3. Summarize the principles of virtual memory as applied to caching, paging, and segmentation.
4. Evaluate the tradeoffs in terms of memory size (main memory, cache memory, auxiliary memory) and processor speed.
5. Defend the different ways of allocating memory to tasks, citing the relative merits of each.
6. Describe the reason for and use of cache memory.
7. Compare and contrast paging and segmentation techniques.
8. Discuss the concept of thrashing, both in terms of the reasons it occurs and the
techniques used to recognize and manage the problem.
9. Analyze the various memory portioning techniques including overlays, swapping, and
placement and replacement policies.
PL2. Virtual machines [core]
Minimum core coverage time: 1 hour
Topics:
The concept of a virtual machine
Hierarchy of virtual machines
Intermediate languages
Security issues arising from running code on an alien machine
Learning objectives:
1. Describe the importance and power of abstraction in the context of virtual machines.
2. Explain the benefits of intermediate languages in the compilation process.
3. Evaluate the tradeoffs in performance vs. portability.

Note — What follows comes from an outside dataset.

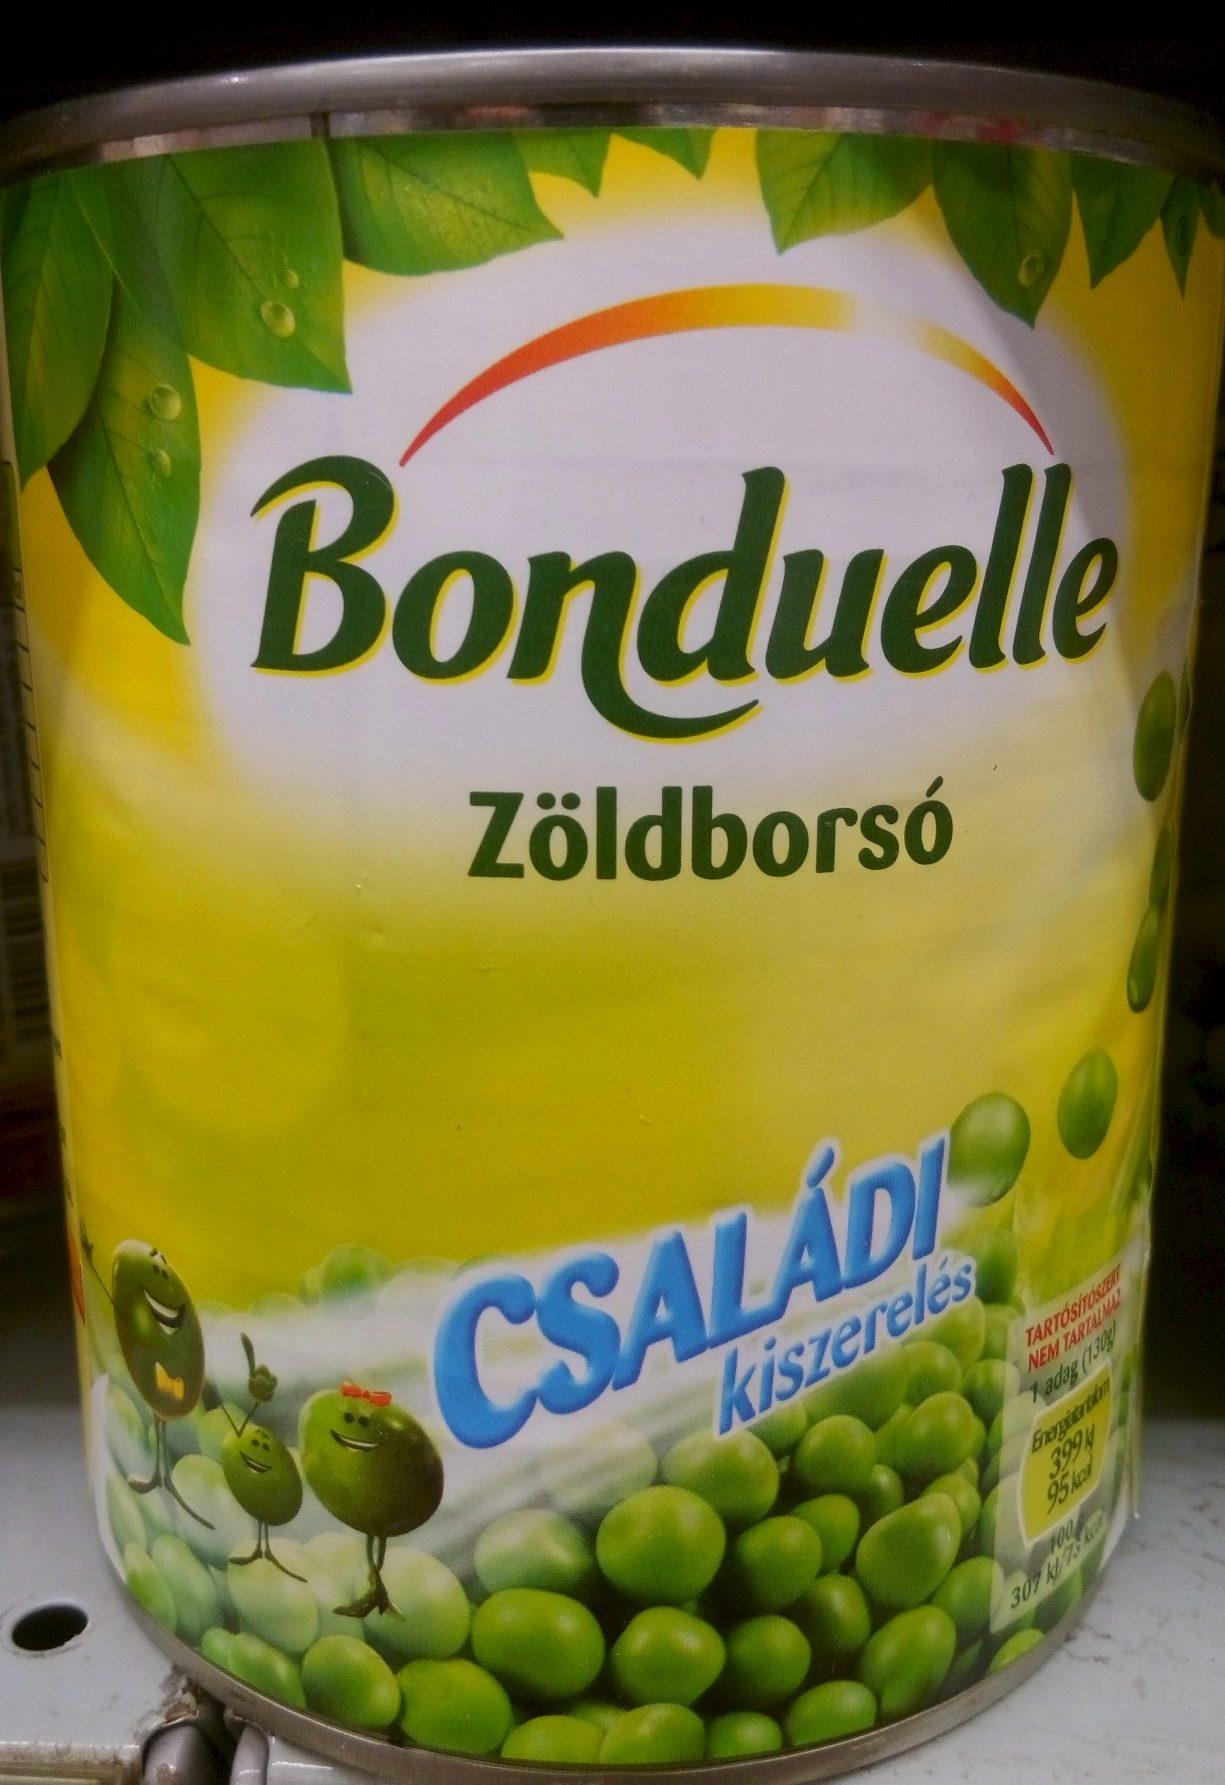 Zöldborsó Családi kiszerelés - Prodotto - hu

4. Explain how executable programs can breach computer system security by accessing disk files and memory.
AL4. Distributed algorithms [core]
Minimum core coverage time: 3 hours
Topics:
Consensus and election
Termination detection
Fault tolerance
Stabilization
Learning objectives:
1. Explain the distributed paradigm.
2. Explain one simple distributed algorithm.
3. Determine when to use consensus or election algorithms.
4. Distinguish between logical and physical clocks.
5. Describe the relative ordering of events in a distributed algorithm.